在文天职析建模中,文本数据集通常被表示为一个文档——词矩阵,其中每个文档都由一组词语构成,主题模型的目的是通太过析这些文档——词矩阵,将文本数据集中的词语聚类成差别的主题。
主题可以理解为概念、主要内容或者感兴趣的话题,在文本数据集中,每个主题都由一组相关的词语构成,而最常见的狄利克雷分配模型能够通过统计模型和呆板学习算法来识别并提取这些主题。
LDA主要可以分为以下流程,首先是分词过滤、然后为单词分配数字ID构建词典、将其转换为希罕向量,LDA模型训练后进行推断。
图1 LDA工作原理
2.用法
2.1为 LDA 准备训练数据集
以下示例是从各种维基百科文档中提取的小字符串,可以通过词干提取、去除停用词和分词来处理文档。根据数据库版本可以使用各种工具,基于较新版本的 PostgreSQL 的数据库可能会实验以下操作:在此示例中,我们假设数据库基于旧版本的 PostgreSQL,故只实验最基本的删除标点符号和分词,单词数组将作为新列添加到文档表中。详细步调如下所示。
DROP TABLE IF EXISTS documents;
CREATE TABLE documents(docid INT4, contents TEXT);
INSERT INTO documents VALUES
(0, 'Statistical topic models are a class of Bayesian latent variable models, originally developed for analyzing the semantic content of large document corpora.'),
(1, 'By the late 1960s, the balance between pitching and hitting had swung in favor of the pitchers. In 1968 Carl Yastrzemski won the American League batting title with an average of just .301, the lowest in history.'),
(2, 'Machine learning is closely related to and often overlaps with computational statistics; a discipline that also specializes in prediction-making. It has strong ties to mathematical optimization, which deliver methods, theory and application domains to the field.'),
(3, 'California''s diverse geography ranges from the Sierra Nevada in the east to the Pacific Coast in the west, from the Redwood–Douglas fir forests of the northwest, to the Mojave Desert areas in the southeast. The center of the state is dominated by the Central Valley, a major agricultural area.');
然后通过to_tsvector函数将文本内容contents转换为全文搜刮向量。这个函数将文本进行分词和标记处理,并天生一个表示文本内容的向量,输出的内容为一个特别类型的数据,称为tsvector,这个向量包含了文本中的单词以及它们的位置信息,每个单词都被分配了唯一的标识符,并存储在向量中。
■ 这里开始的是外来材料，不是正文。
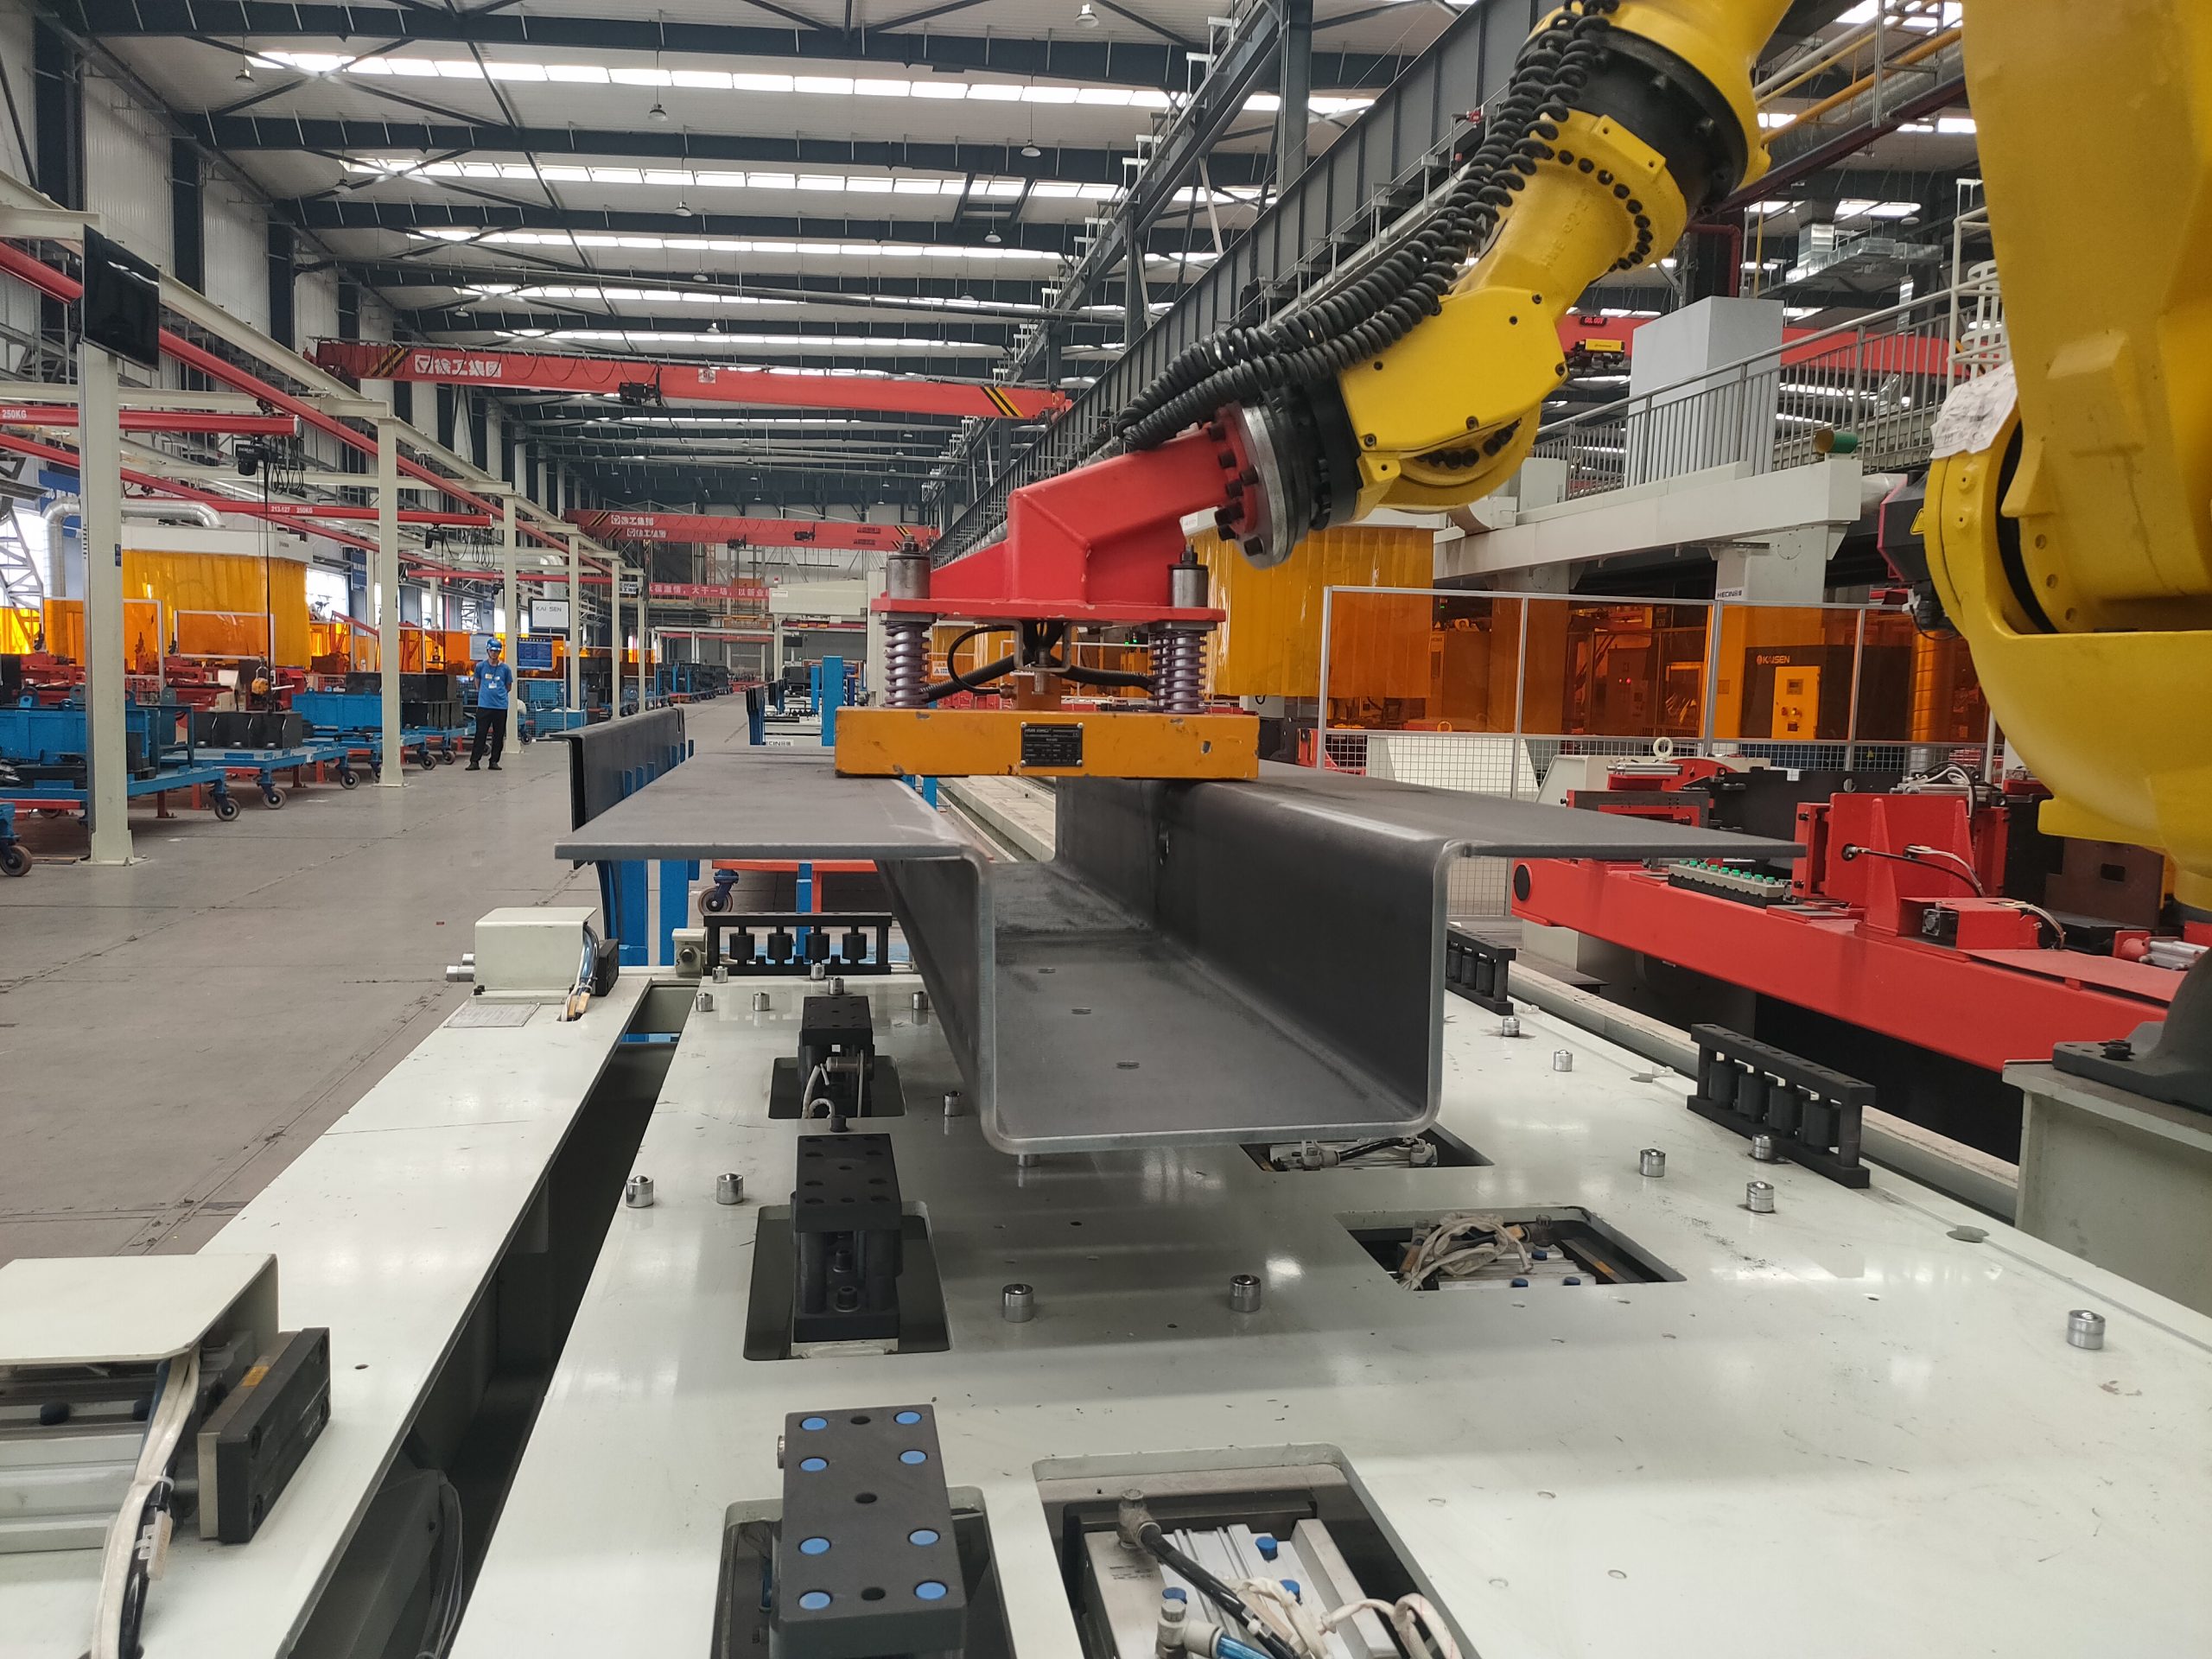 Magnetic gripper on articulated robot handling heavy steel workpiece for welding - HVR MAG

SELECT tsvector_to_array(to_tsvector('english',contents)) from documents;
天生tsvector后,通过tsvector_to_array函数将tsvector类型的数据转换为数组形式,得到的单词按照字母顺序表进行排序。
结果:
tsvector_to_array
--------------------------------------------------------------------------------------------------------------------
{analyz,bayesian,class,content,corpora,develop,document,larg,latent,model,origin,semant,statist,topic,variabl}
{1960s,1968,301,american,averag,balanc,bat,carl,favor,histori,hit,late,leagu,lowest,pitch,pitcher,swung,titl,won,yastrzemski}
{also,applic,close,comput,deliv,disciplin,domain,field,learn,machin,make,mathemat,method,often,optim,overlap,predict,prediction-mak,relat,special,statist,strong,theori,tie}
{agricultur,area,california,center,central,coast,desert,divers,domin,dougla,east,fir,forest,geographi,major,mojav,nevada,northwest,pacif,rang,redwood,sierra,southeast,state,valley,west}
(4 rows)
在documents表中添加一个名为words的列,数据类型为TEXT[],按顺序存储文本中的单词。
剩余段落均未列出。